Vulnerability Details
Affected Codebase:
https://github.com/erigontech/erigon/tree/v2.61.0-beta1
In the event package, the ResubscribeErr()
function is utilized to track the active subscription until Unsubscribe
is called or the active subscription ends successfully:
https://github.com/erigontech/erigon/blob/v2.61.0-beta1/event/subscription.go#L117
Copy func ResubscribeErr(backoffMax time.Duration, fn ResubscribeErrFunc) Subscription {
s := &resubscribeSub{
waitTime: backoffMax / 10,
backoffMax: backoffMax,
fn: fn,
err: make(chan error),
unsub: make(chan struct{}),
}
go s.loop()
return s
}
As mentioned in the geth (go-ethereum) PR: https://github.com/ethereum/go-ethereum/pull/28359
Please note the unblock channel is used for unsubscribing, which is initialized with an inner goroutine call.
Impact Details
If not properly structured in the resubscribe scenario, an Unsubscribe call can deadlock when attempting to write to the unblock unsub channel.
References
https://github.com/erigontech/erigon/blob/v2.61.0-beta1
https://github.com/ethereum/go-ethereum/pull/28359
Proof of Concept
Proof of Concept
For simplicity, we can reuse the test from geth (go-ethereum) (https://github.com/ethereum/go-ethereum/pull/28359) to verify the issue:
Copy package event
import (
"context"
"errors"
"fmt"
"reflect"
"testing"
"time"
)
func TestResubscribeWithCompletedSubscription(t *testing.T) {
t.Parallel()
quitProducerAck := make(chan struct{})
quitProducer := make(chan struct{})
sub := ResubscribeErr(100*time.Millisecond, func(ctx context.Context, lastErr error) (Subscription, error) {
return NewSubscription(func(unsubscribed <-chan struct{}) error {
select {
case <-quitProducer:
quitProducerAck <- struct{}{}
return nil
case <-unsubscribed:
return nil
}
}), nil
})
// Ensure producer has started and exited before Unsubscribe
close(quitProducer)
<-quitProducerAck
sub.Unsubscribe()
}
The test result shows a fatal error of all goroutines are asleep - deadlock!
as follows:
Copy === RUN TestResubscribeWithCompletedSubscription
=== PAUSE TestResubscribeWithCompletedSubscription
=== CONT TestResubscribeWithCompletedSubscription
fatal error: all goroutines are asleep - deadlock!

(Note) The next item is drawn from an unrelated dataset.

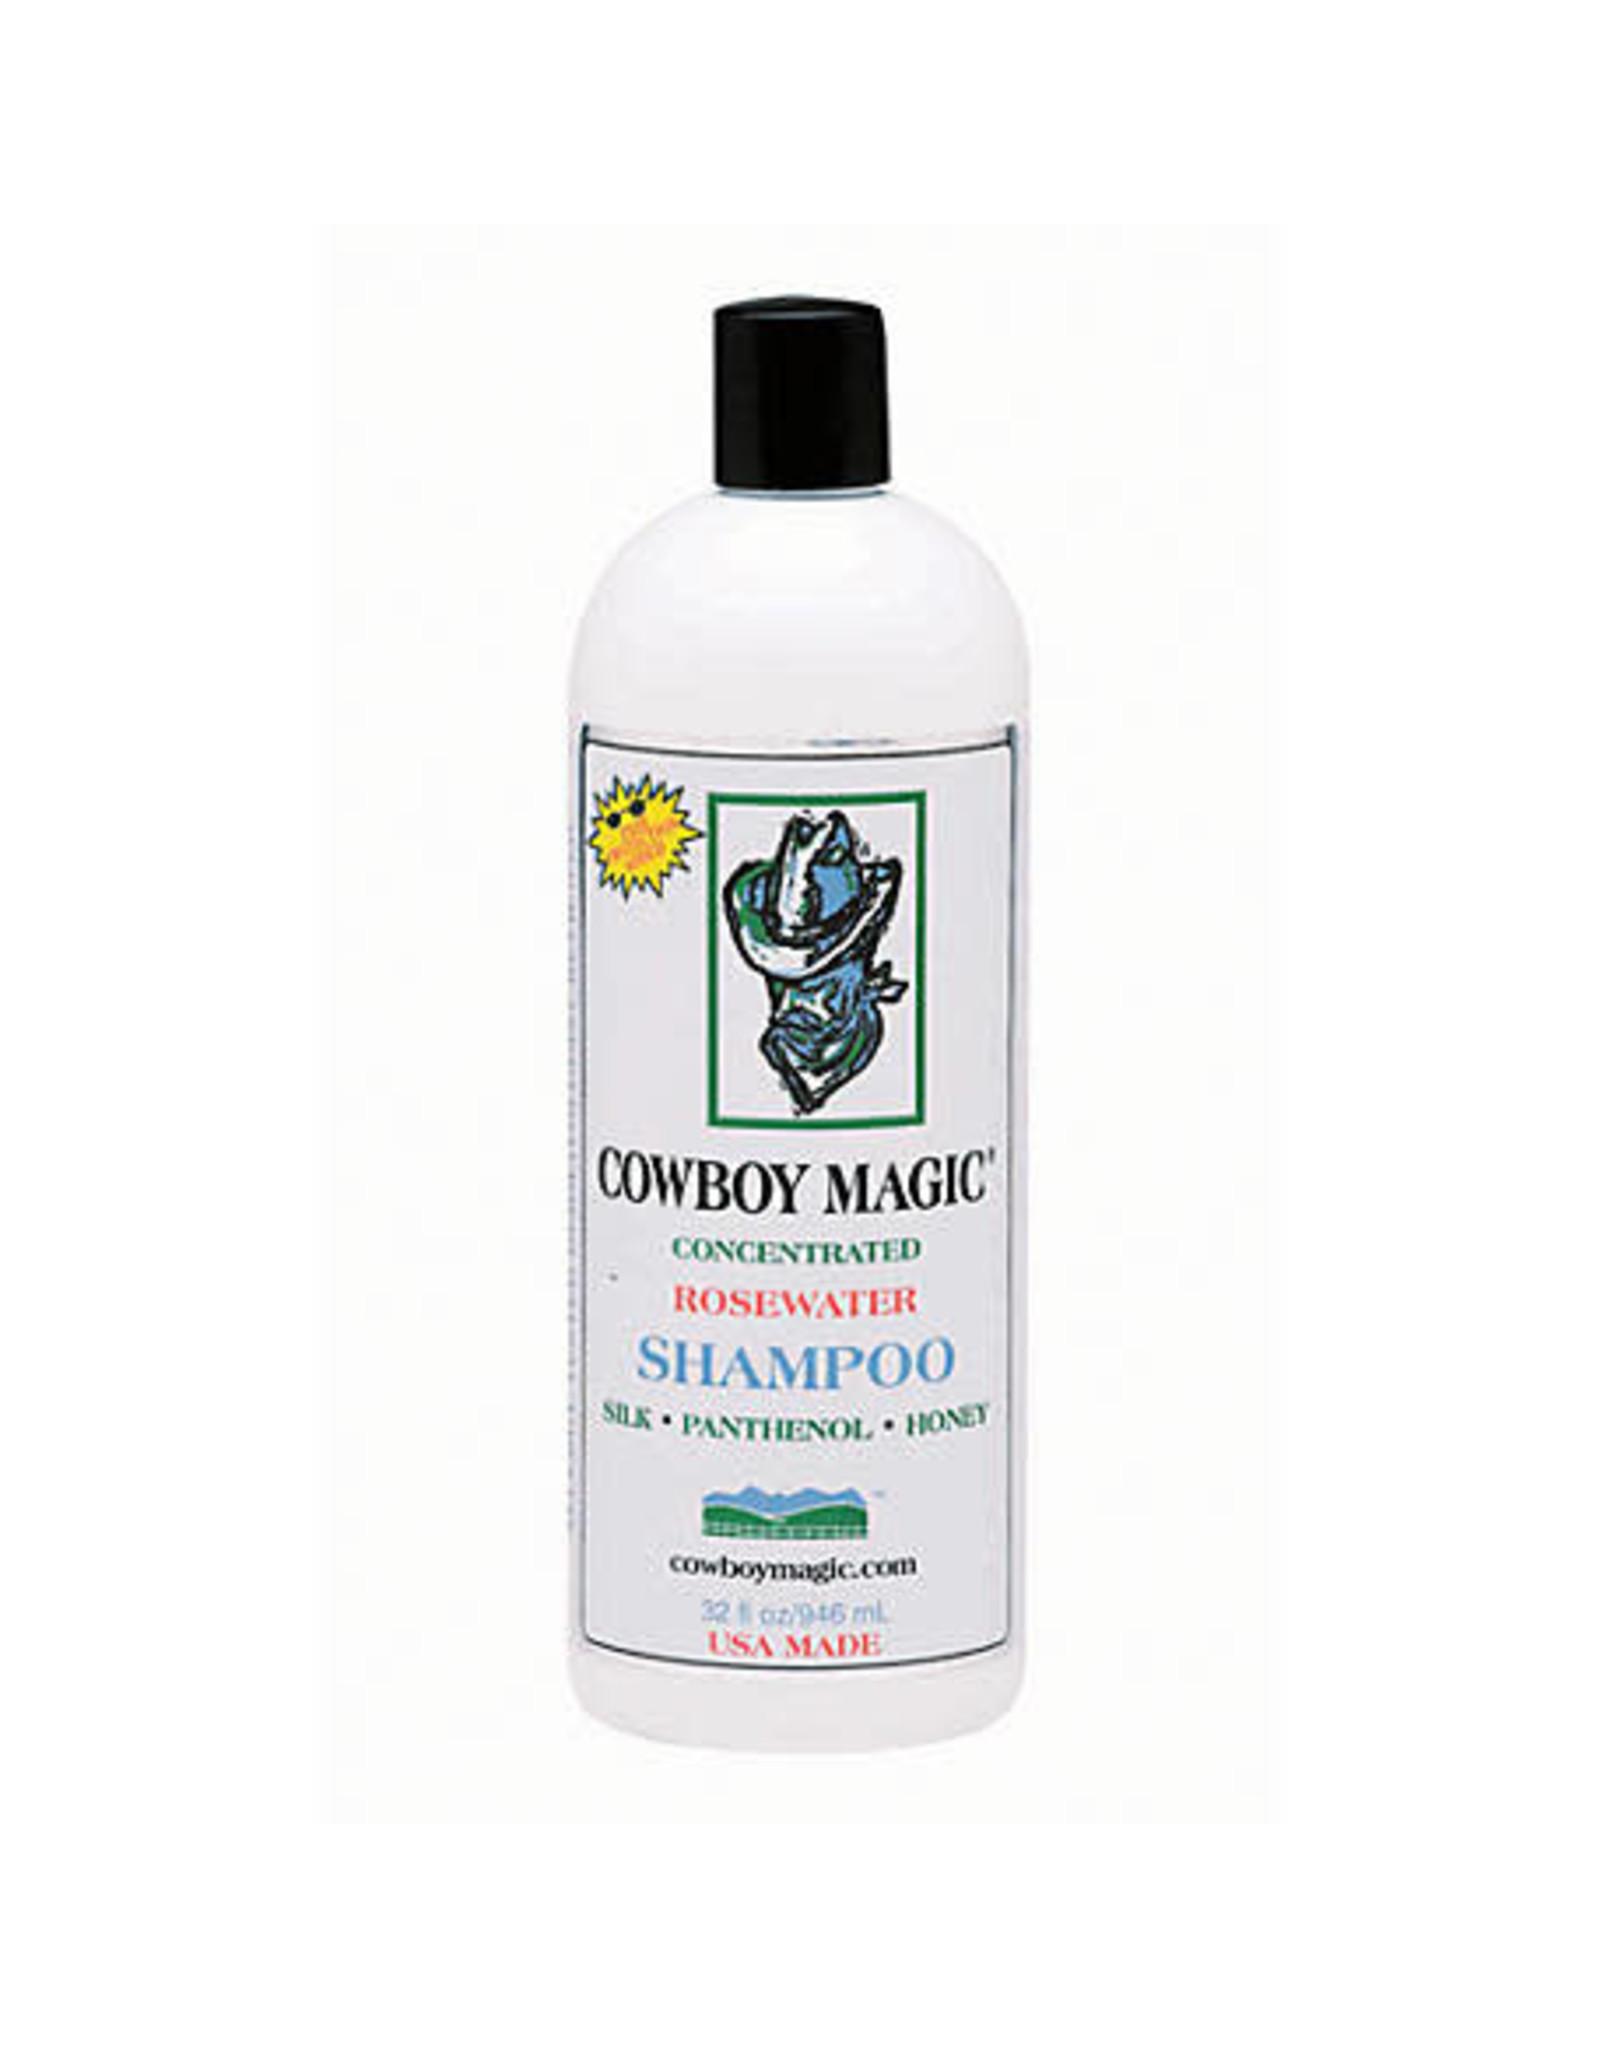 Cowboy Magic Cowboy Magic Rosewater Shampoo 32oz

goroutine 1 [chan receive]:
testing.tRunner.func1()
/usr/local/go/src/testing/testing.go:1650 +0x4ab
testing.tRunner(0xc00010a4e0, 0xc000131c70)

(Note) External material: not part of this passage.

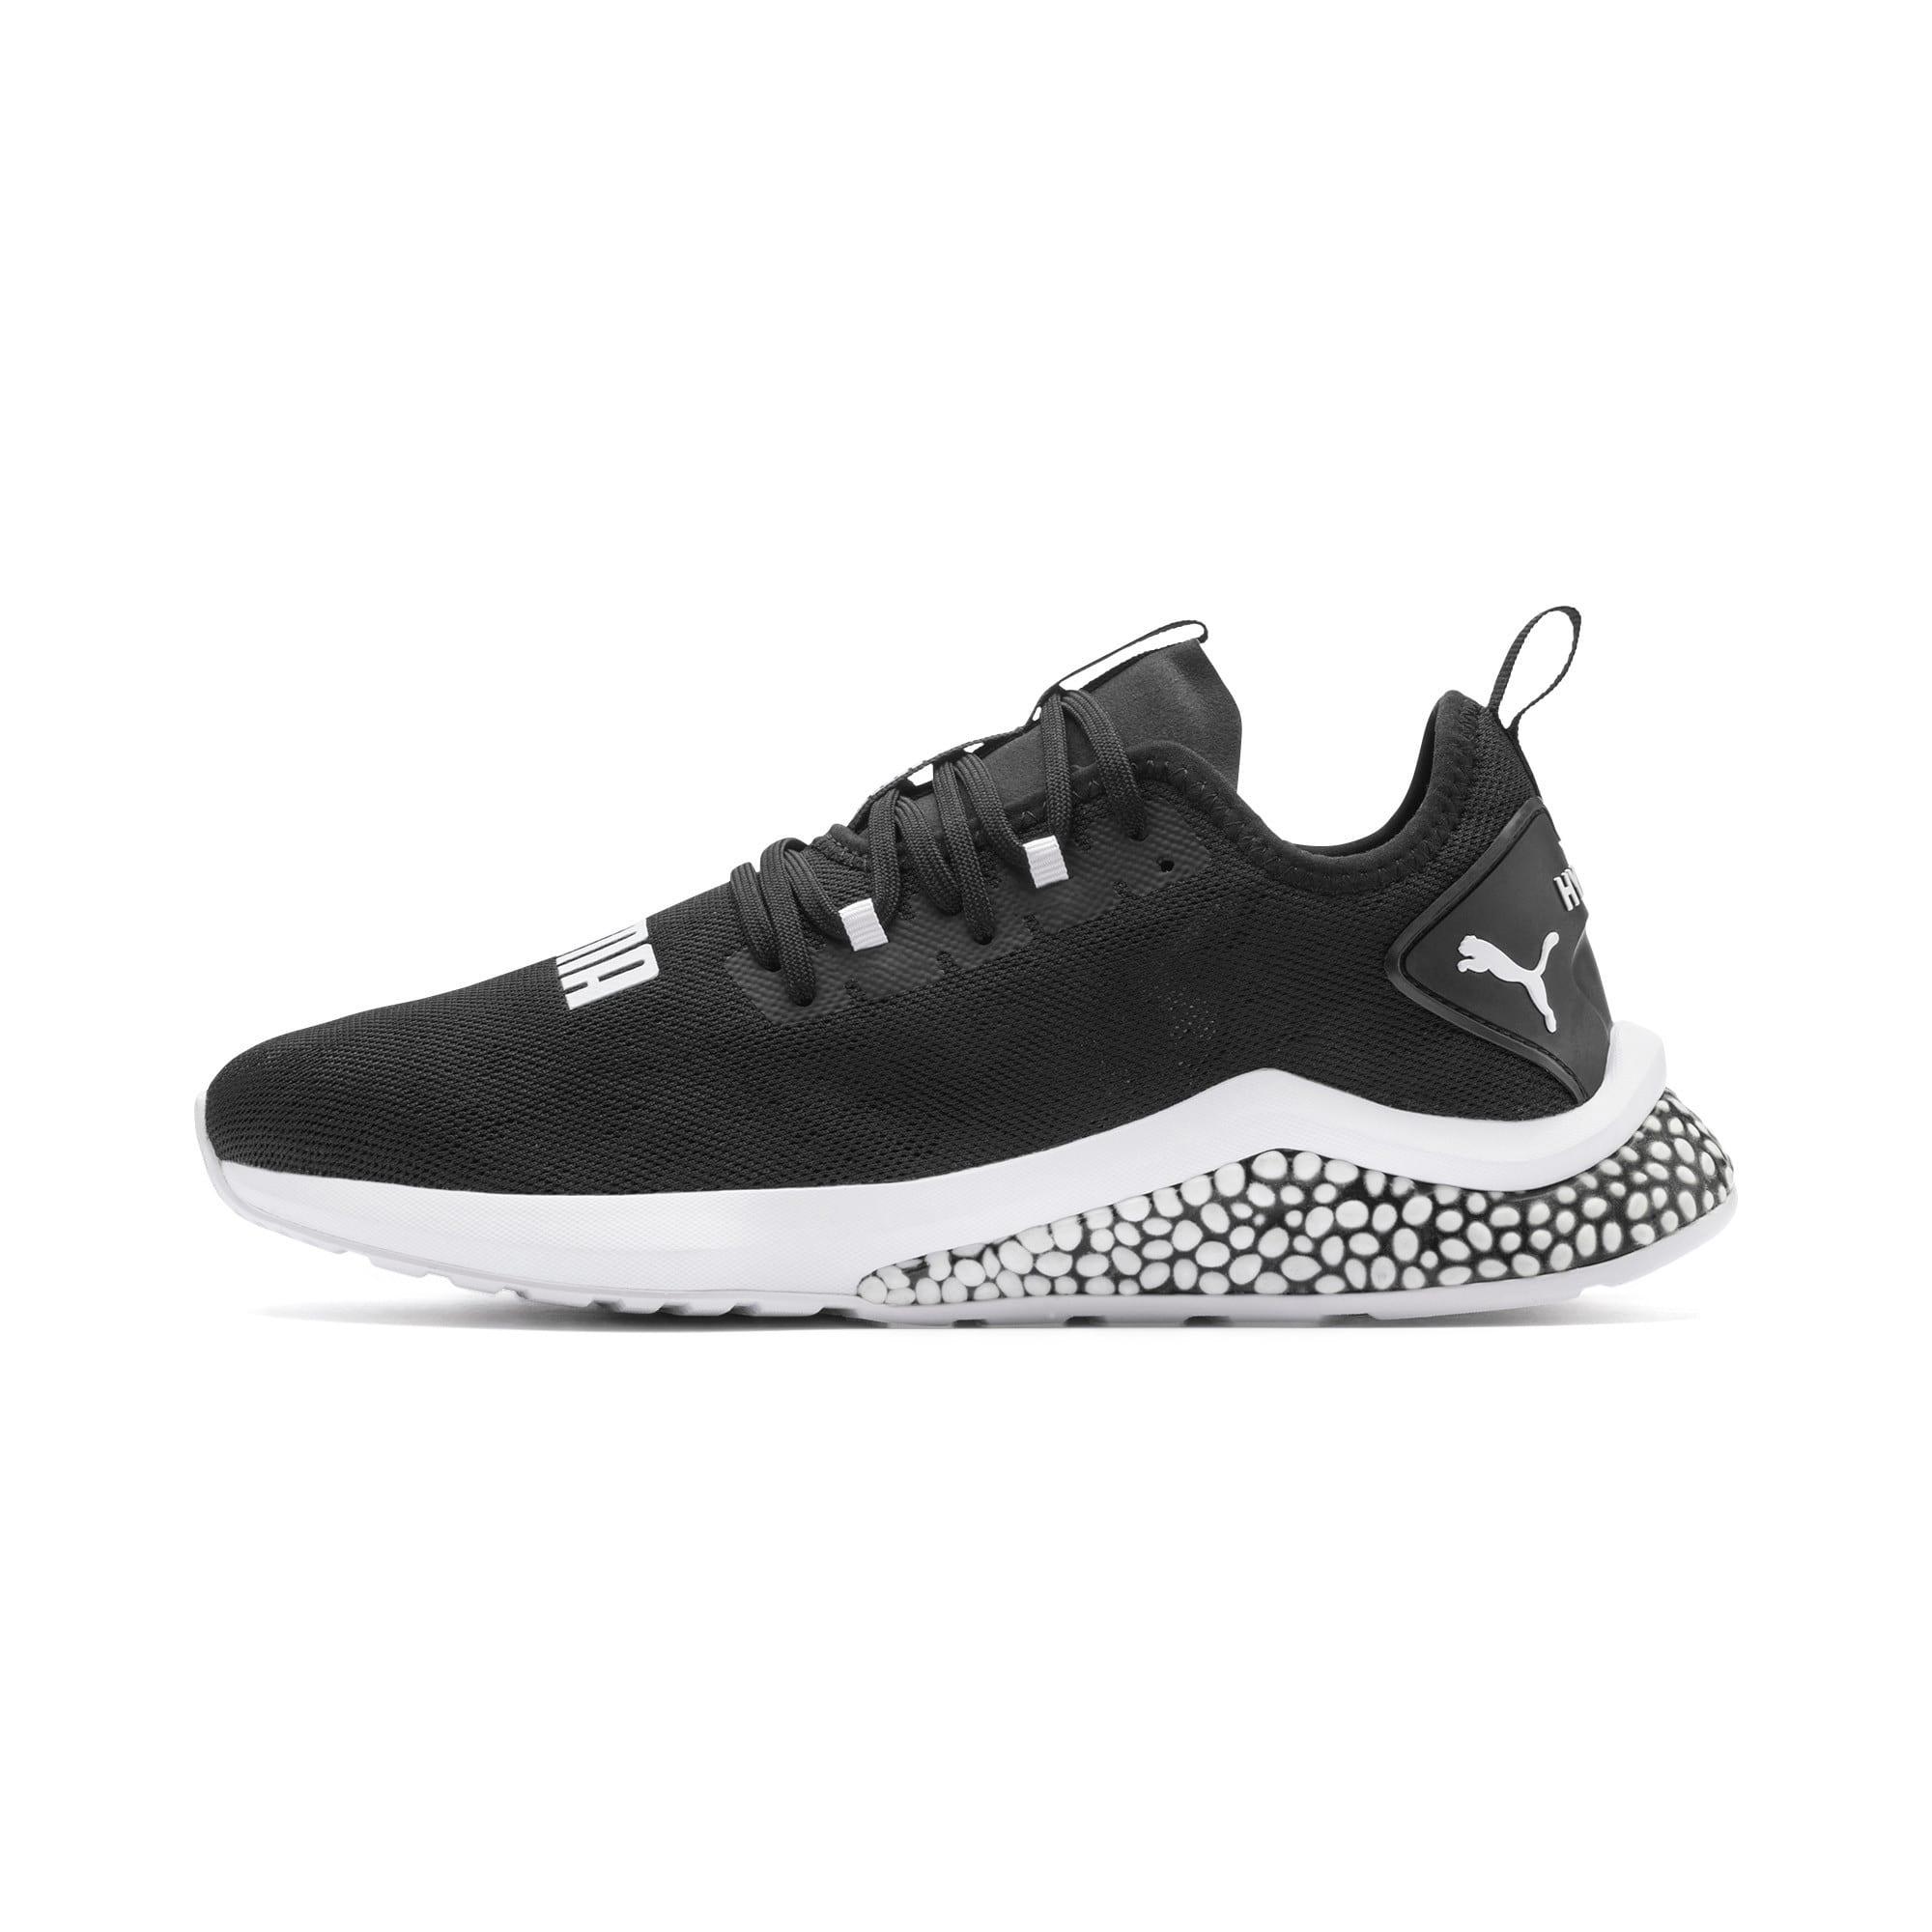 Thumbnail 1 of HYBRID NX Camo Men's Running Shoes, Puma Black-Puma White, medium

/usr/local/go/src/testing/testing.go:1695 +0x134
testing.runTests(0xc000010030, {0xabafc60, 0xc, 0xc}, {0x1?, 0xaa0e92e?, 0x0?})

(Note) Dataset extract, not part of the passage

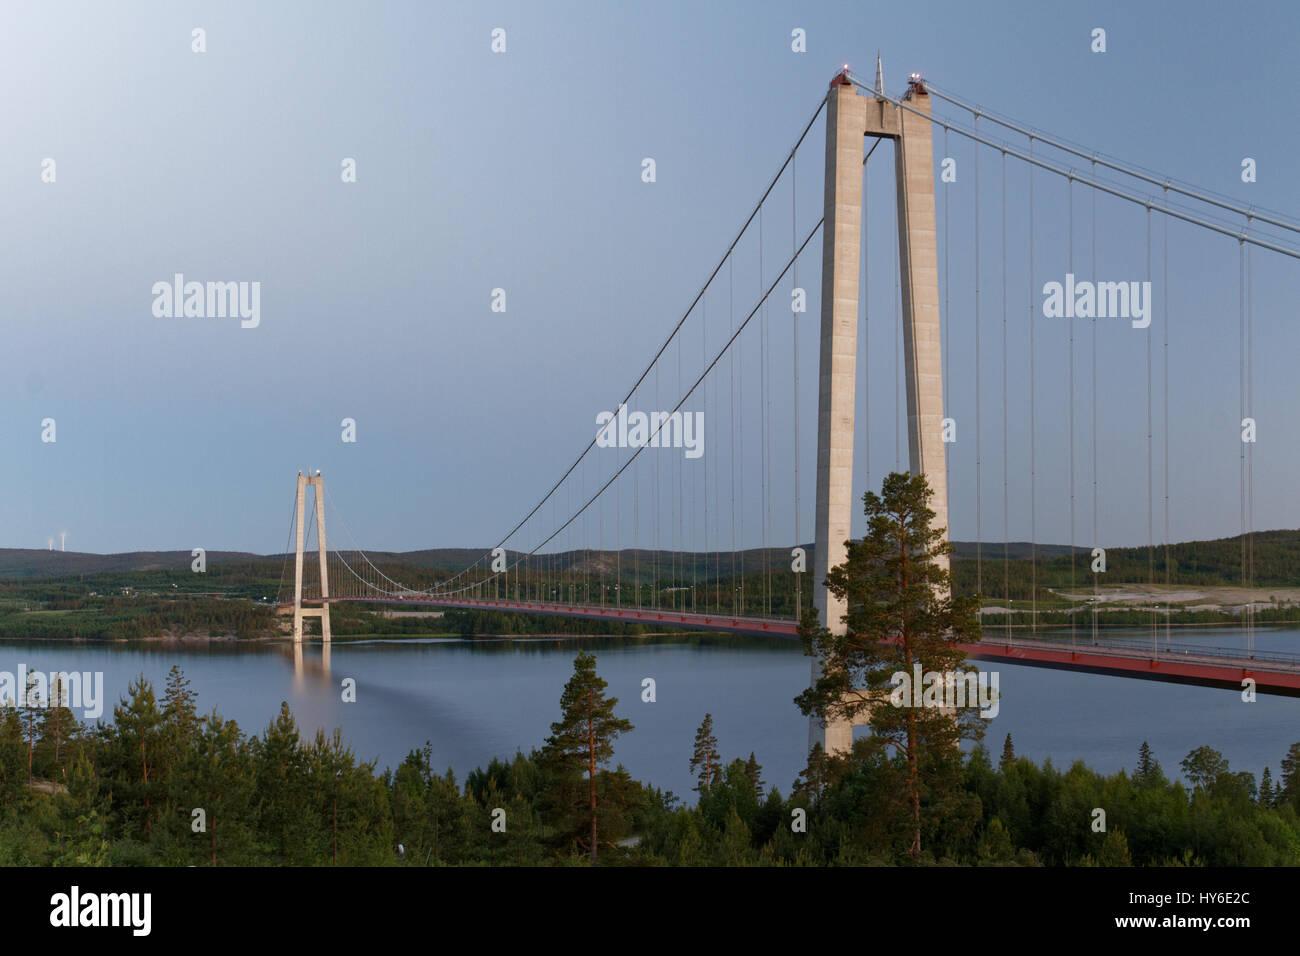 Bridge in Höga Kusten, Sweden - Stock Image

/usr/local/go/src/testing/testing.go:2159 +0x445
testing.(*M).Run(0xc0000780a0)
/usr/local/go/src/testing/testing.go:2027 +0x68b
main.main()
_testmain.go:79 +0x16c
goroutine 6 [chan send]:
github.com/ledgerwatch/erigon/event.(*resubscribeSub).Unsubscribe.func1()
/Users/xxx/erigon/event/subscription.go:146 +0x25
sync.(*Once).doSlow(0xa95e952?, 0xc000024300?)
/usr/local/go/src/sync/once.go:74 +0xc2
sync.(*Once).Do(...)
/usr/local/go/src/sync/once.go:65
github.com/ledgerwatch/erigon/event.(*resubscribeSub).Unsubscribe(0xc000024360?)
/Users/xxx/erigon/event/subscription.go:145 +0x3c
github.com/ledgerwatch/erigon/event.TestResubscribeWithCompletedSubscription(0xc00010a680?)
/Users/xxx/erigon/event/subscription_test.go:49 +0xc3
testing.tRunner(0xc00010a680, 0xaada138)
/usr/local/go/src/testing/testing.go:1689 +0xfb
created by testing.(*T).Run in goroutine 1
/usr/local/go/src/testing/testing.go:1742 +0x390
Process finished with the exit code 1